Selon les données du ministère de l’Intérieur espagnol, 36 775 migrants sont arrivés de façon irrégulière en Espagne en 2025, soit une baisse de 42,6 % par rapport à 2024. Cette diminution est principalement due à une baisse de 62 % des arrivées dans les îles Canaries. La plupart des entrées irrégulières ont eu lieu par mer (32 925 personnes à bord de 1 235 bateaux précaires).

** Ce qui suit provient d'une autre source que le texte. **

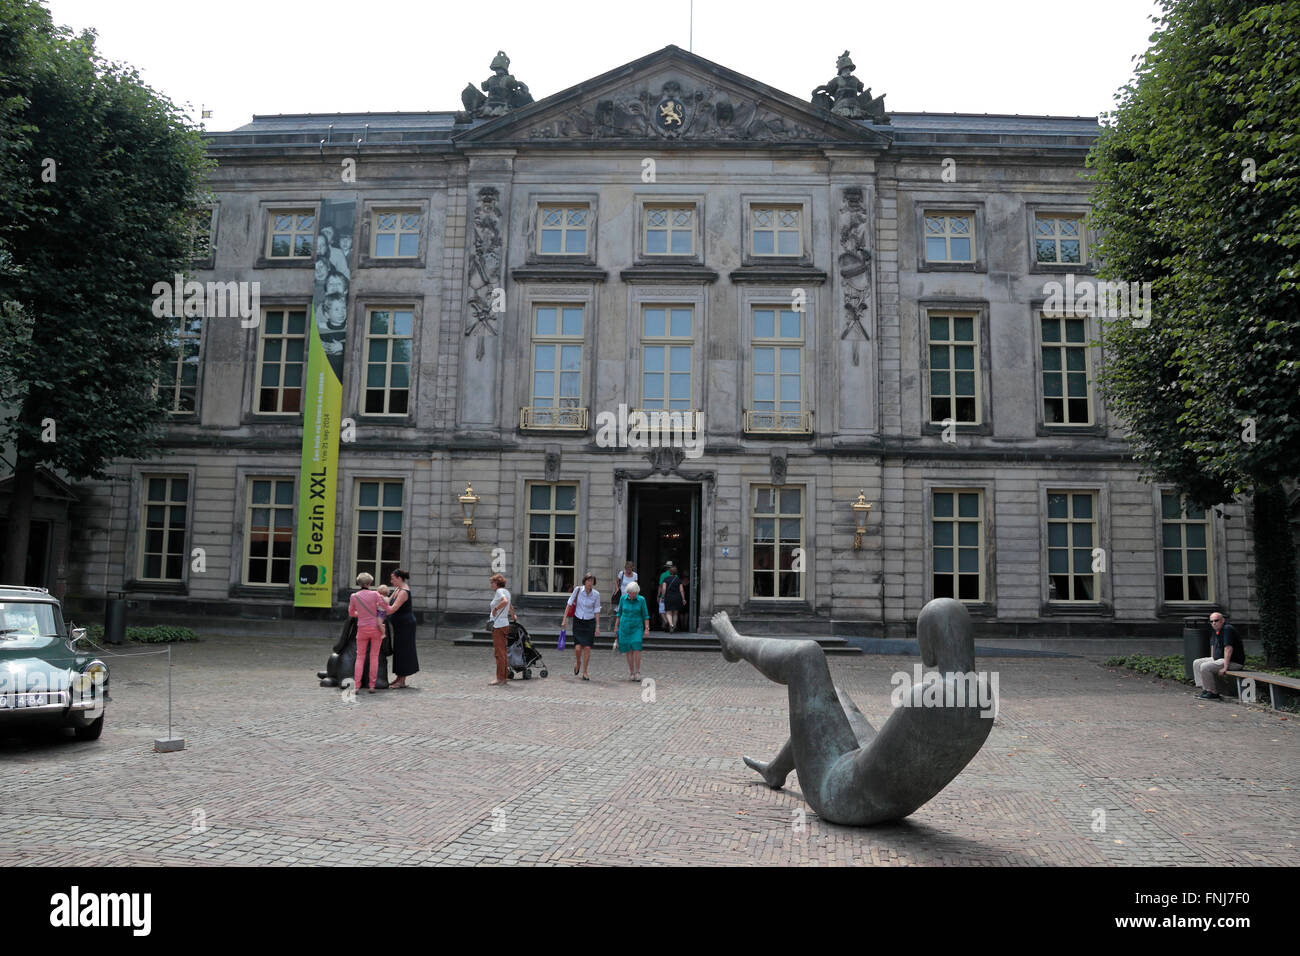 The Het Noordbrabants Museum in Den Bosch, Netherlands. Stock Photo

Selon la Commission espagnole d’aide aux réfugiés (CEAR), entre 70 et 80 % des personnes arrivées en Espagne en 2024 à bord de bateaux précaires ont demandé l’asile. Les arrivées irrégulières ne représentent que 6 % de tous les étrangers arrivant dans le pays, et beaucoup sont des demandeurs de protection internationale fuyant des conflits, des persécutions ou des violations des droits humains.
Les îles Canaries, une route migratoire dangereuse
Les îles Canaries ont enregistré 17 788 arrivées en 2025, contre 39 910 en 2023 et 46 843 en 2024. La baisse de 62 % des arrivées par cette route est attribuée aux efforts de contrôle des départs suite aux accords entre l’UE et l’Espagne avec les gouvernements du Maroc, de la Mauritanie et du Sénégal.
Selon le HCR, les principaux pays d’origine des migrants arrivés en Espagne par les îles Canaries sont le Mali (36,8 %), le Sénégal (25 %) et la Guinée (11,7 %). Les îles Canaries sont considérées comme l’une des routes migratoires les plus dangereuses au monde, avec 416 morts ou disparus en 2025 (selon le HCR) et 1 906 victimes (selon l’ONG Caminando Fronteras).